* WHAT THE TASK ASKS:
The answer is the full set of records, given again exactly and without images.

* ENTRIES PROVIDED:

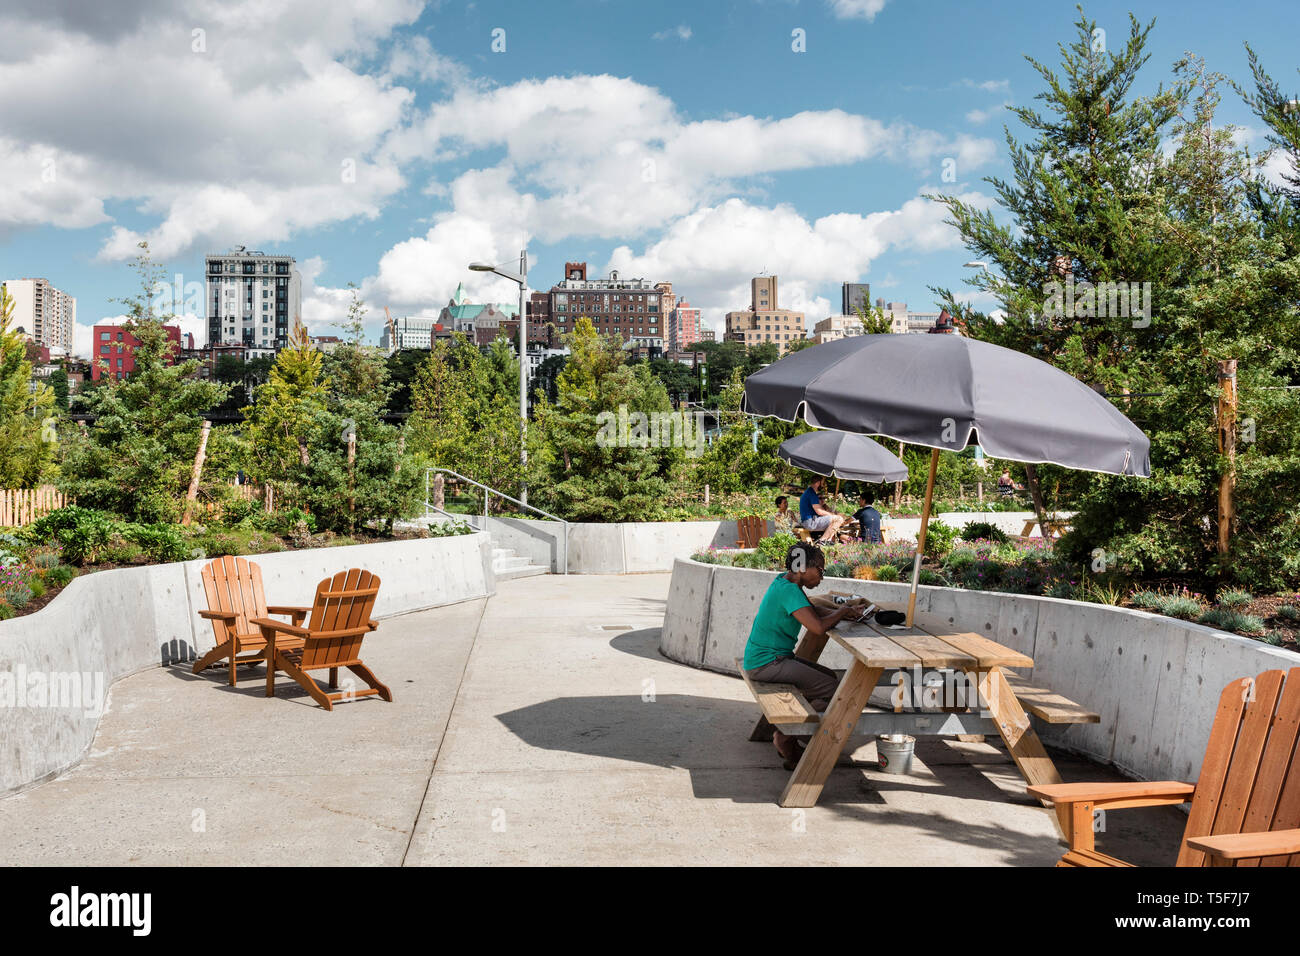 Picnic mobili Tavoli e sedie di Adirondack raggruppati per creare aree con posti a sedere. Ponte di Brooklyn Park Pier 3, Brooklyn, Stati Uniti. Architetto: Micha Foto Stock
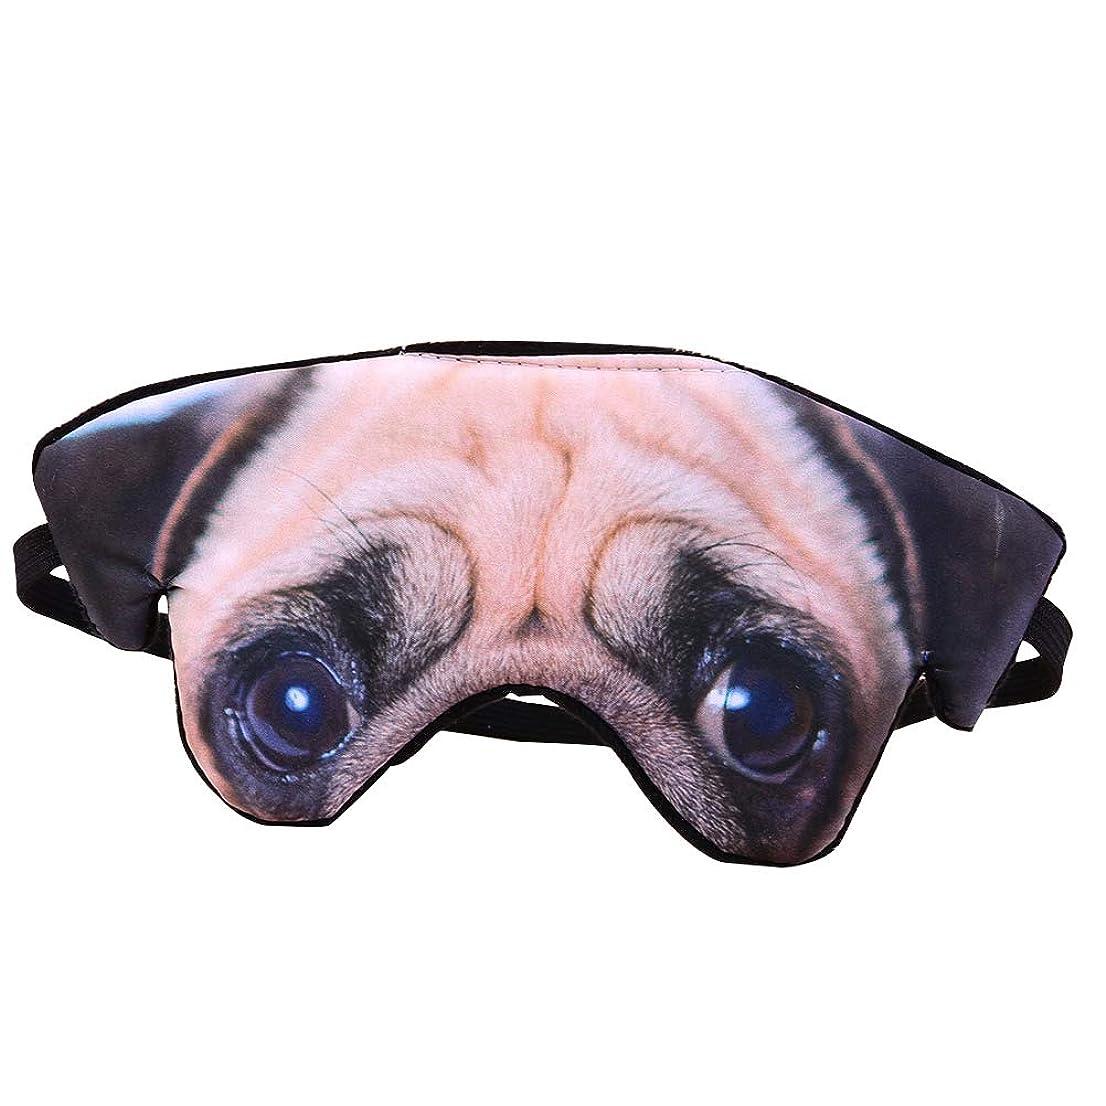 相対サイズ既に奨励HEALIFTY 睡眠目隠し3D犬のパターンアイマスクファニーシェードナップカバー目隠し睡眠マスク目の眠りゴーグル(Pug)
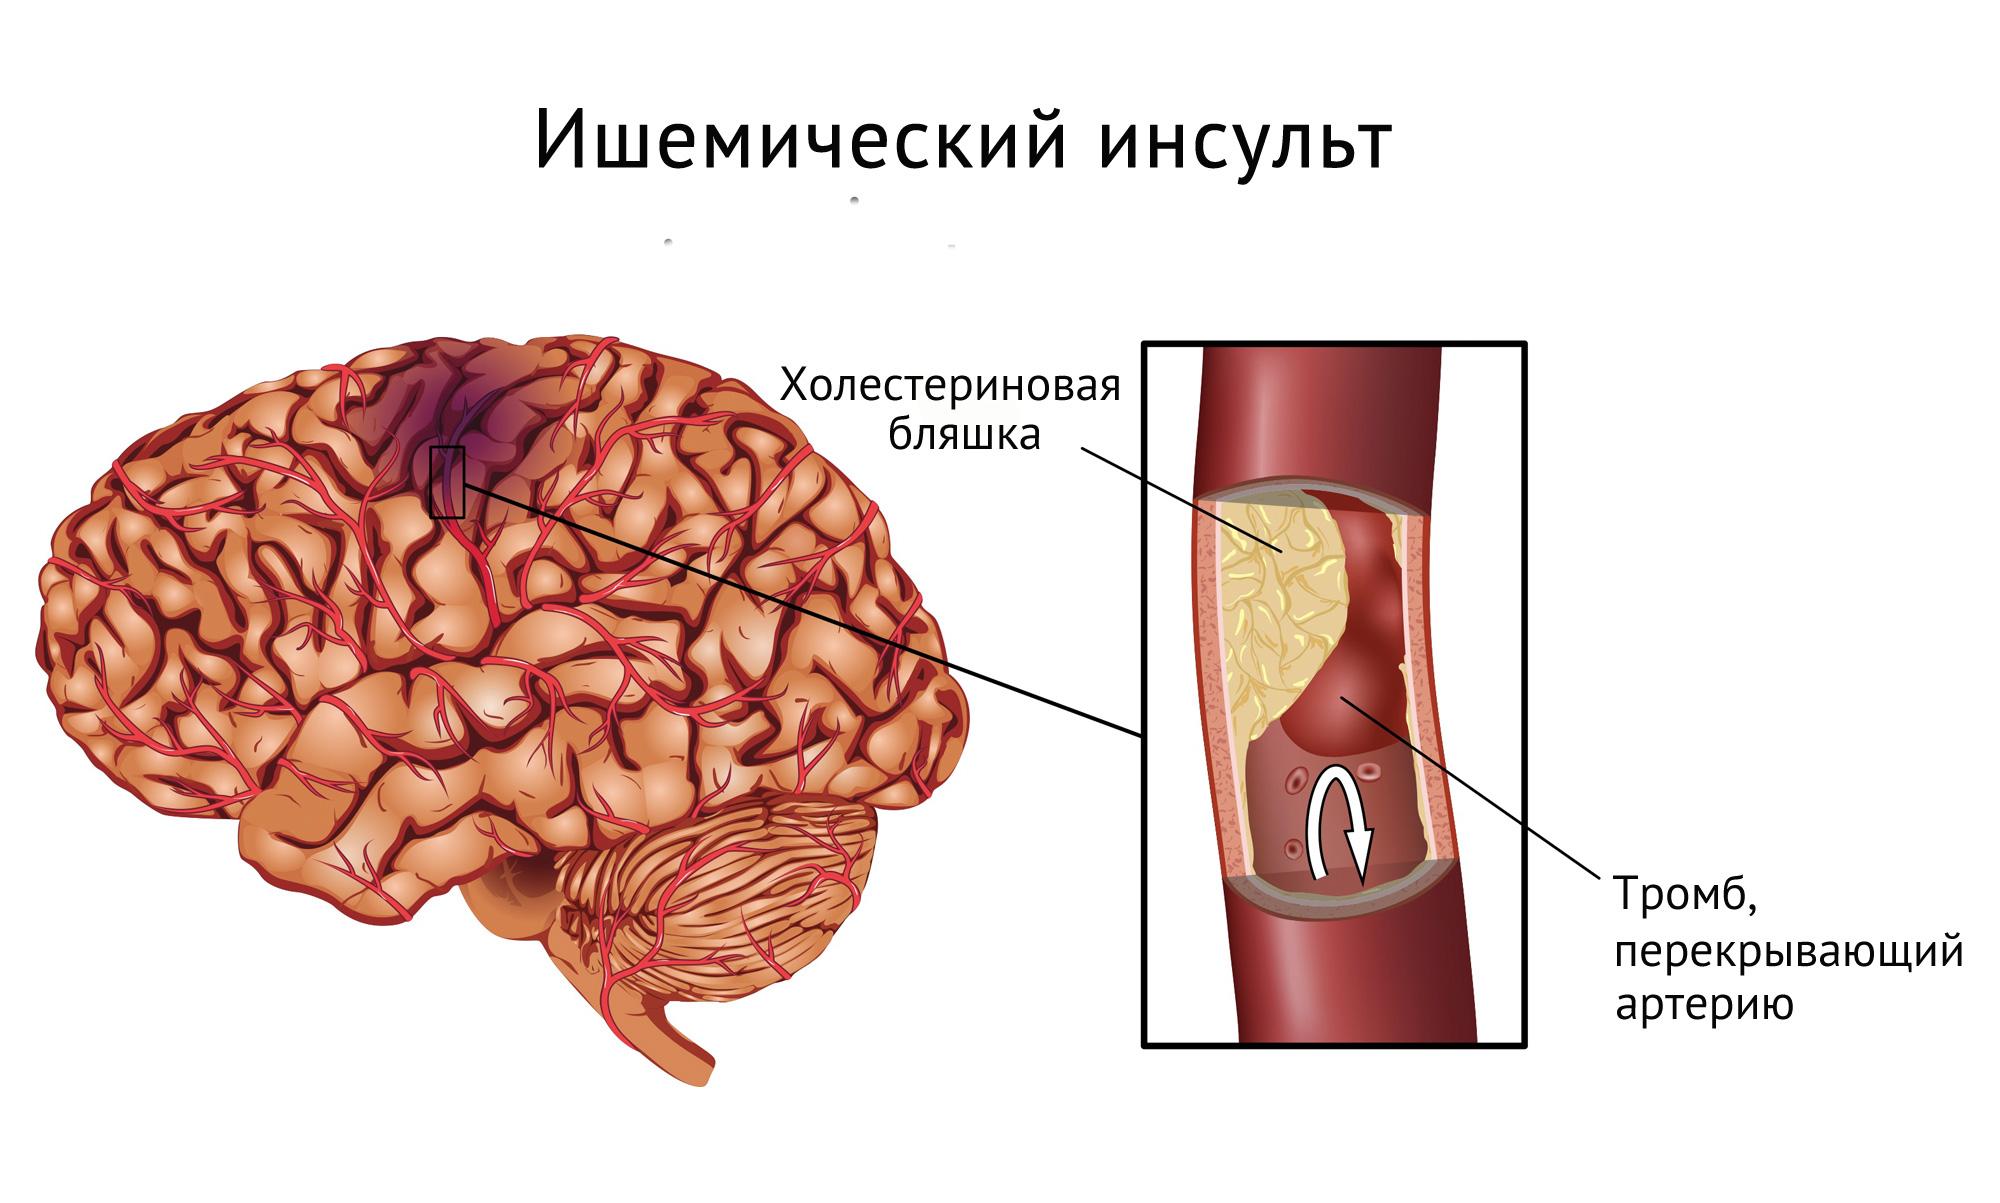 Ишемический инсульт: симптомы и последствия
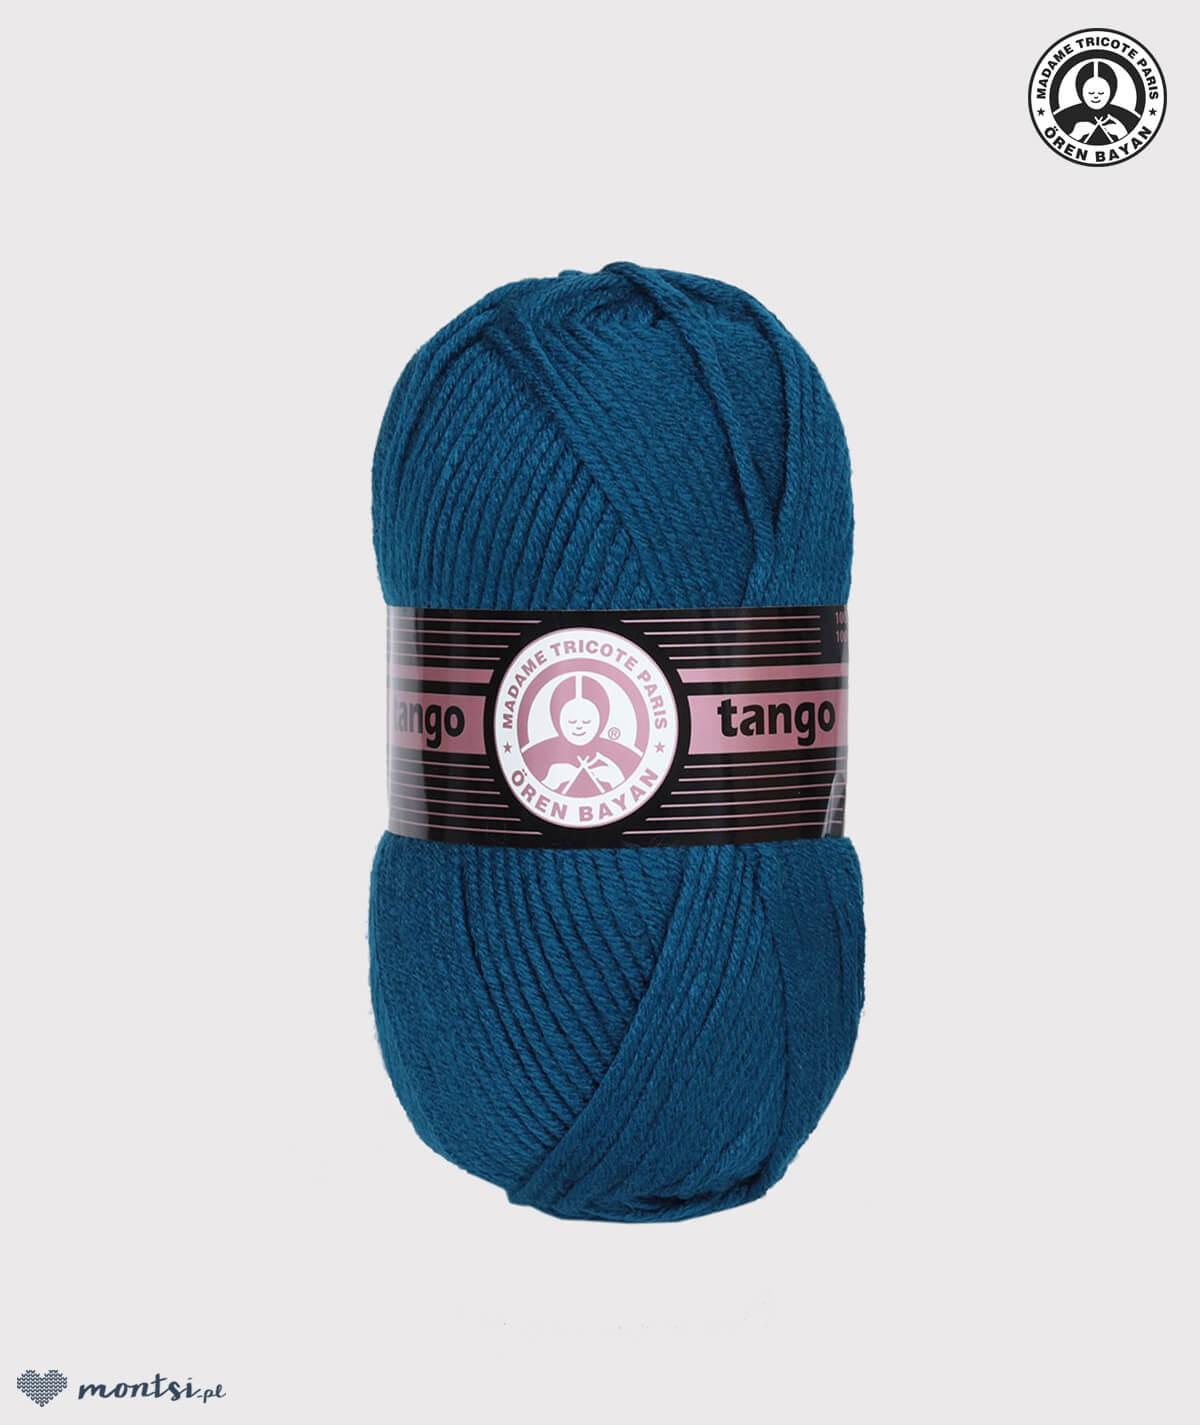 Włóczka Tango Madame Tricote 101 turkus morski
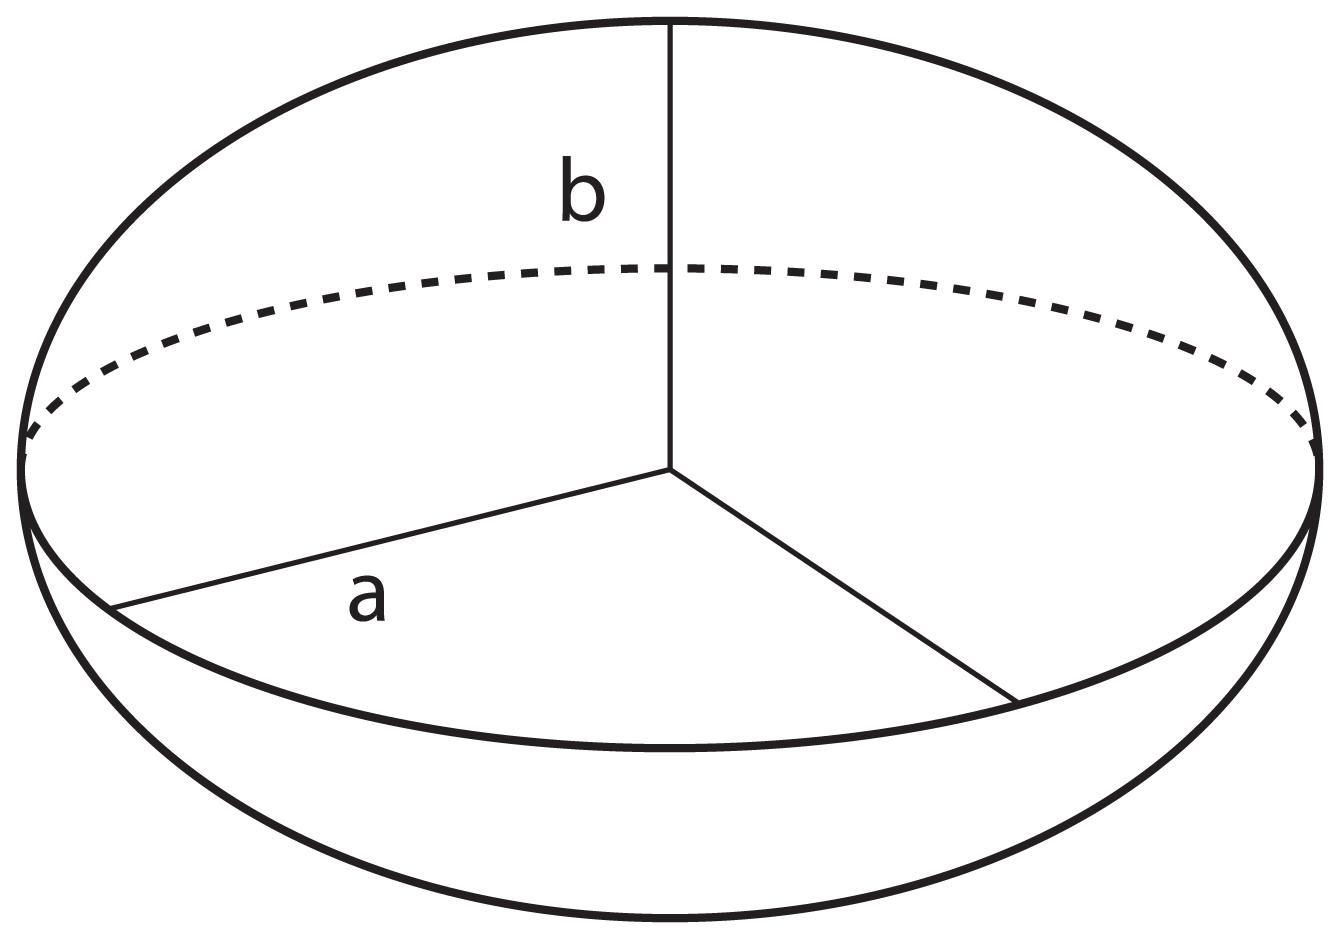 ellipsoid_icsm_gov_au_datum.jpg

* OUTPUT OF THE EXERCISE:
 Picnic mobili Tavoli e sedie di Adirondack raggruppati per creare aree con posti a sedere. Ponte di Brooklyn Park Pier 3, Brooklyn, Stati Uniti. Architetto: Micha Foto Stock
 相対サイズ既に奨励HEALIFTY 睡眠目隠し3D犬のパターンアイマスクファニーシェードナップカバー目隠し睡眠マスク目の眠りゴーグル(Pug)
 Ишемический инсульт: симптомы и последствия
 Włóczka Tango Madame Tricote 101 turkus morski
 ellipsoid_icsm_gov_au_datum.jpg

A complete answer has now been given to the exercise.